***** Records for this task
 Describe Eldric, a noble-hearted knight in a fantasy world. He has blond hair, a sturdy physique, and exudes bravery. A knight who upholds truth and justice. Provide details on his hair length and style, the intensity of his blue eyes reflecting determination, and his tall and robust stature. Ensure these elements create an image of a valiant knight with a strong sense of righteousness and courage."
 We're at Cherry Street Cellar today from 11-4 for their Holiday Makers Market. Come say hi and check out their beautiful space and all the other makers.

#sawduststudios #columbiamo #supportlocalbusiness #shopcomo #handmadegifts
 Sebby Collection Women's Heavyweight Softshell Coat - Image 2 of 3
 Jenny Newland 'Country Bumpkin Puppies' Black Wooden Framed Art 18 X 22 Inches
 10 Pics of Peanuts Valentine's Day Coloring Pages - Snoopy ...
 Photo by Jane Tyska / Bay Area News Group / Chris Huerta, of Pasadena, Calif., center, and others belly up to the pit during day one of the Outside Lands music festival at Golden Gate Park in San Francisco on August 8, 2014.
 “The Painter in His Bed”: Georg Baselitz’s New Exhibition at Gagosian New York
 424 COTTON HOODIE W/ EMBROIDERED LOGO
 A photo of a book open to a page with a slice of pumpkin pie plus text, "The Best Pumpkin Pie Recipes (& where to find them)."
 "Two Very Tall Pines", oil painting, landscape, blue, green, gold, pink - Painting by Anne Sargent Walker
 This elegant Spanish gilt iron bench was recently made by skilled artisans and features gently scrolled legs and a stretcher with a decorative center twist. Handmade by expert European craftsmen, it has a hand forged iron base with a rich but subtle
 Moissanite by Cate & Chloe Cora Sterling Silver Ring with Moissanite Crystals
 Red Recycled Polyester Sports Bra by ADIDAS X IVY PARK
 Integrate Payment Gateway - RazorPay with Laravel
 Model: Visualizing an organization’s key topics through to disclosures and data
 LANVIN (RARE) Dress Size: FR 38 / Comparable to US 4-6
**********
■ Brief
Your task is to retype all the records above with nothing left out.

■ Output for this exercise
 Describe Eldric, a noble-hearted knight in a fantasy world. He has blond hair, a sturdy physique, and exudes bravery. A knight who upholds truth and justice. Provide details on his hair length and style, the intensity of his blue eyes reflecting determination, and his tall and robust stature. Ensure these elements create an image of a valiant knight with a strong sense of righteousness and courage."
 We're at Cherry Street Cellar today from 11-4 for their Holiday Makers Market. Come say hi and check out their beautiful space and all the other makers.

#sawduststudios #columbiamo #supportlocalbusiness #shopcomo #handmadegifts
 Sebby Collection Women's Heavyweight Softshell Coat - Image 2 of 3
 Jenny Newland 'Country Bumpkin Puppies' Black Wooden Framed Art 18 X 22 Inches
 10 Pics of Peanuts Valentine's Day Coloring Pages - Snoopy ...
 Photo by Jane Tyska / Bay Area News Group / Chris Huerta, of Pasadena, Calif., center, and others belly up to the pit during day one of the Outside Lands music festival at Golden Gate Park in San Francisco on August 8, 2014.
 “The Painter in His Bed”: Georg Baselitz’s New Exhibition at Gagosian New York
 424 COTTON HOODIE W/ EMBROIDERED LOGO
 A photo of a book open to a page with a slice of pumpkin pie plus text, "The Best Pumpkin Pie Recipes (& where to find them)."
 "Two Very Tall Pines", oil painting, landscape, blue, green, gold, pink - Painting by Anne Sargent Walker
 This elegant Spanish gilt iron bench was recently made by skilled artisans and features gently scrolled legs and a stretcher with a decorative center twist. Handmade by expert European craftsmen, it has a hand forged iron base with a rich but subtle
 Moissanite by Cate & Chloe Cora Sterling Silver Ring with Moissanite Crystals
 Red Recycled Polyester Sports Bra by ADIDAS X IVY PARK
 Integrate Payment Gateway - RazorPay with Laravel
 Model: Visualizing an organization’s key topics through to disclosures and data
 LANVIN (RARE) Dress Size: FR 38 / Comparable to US 4-6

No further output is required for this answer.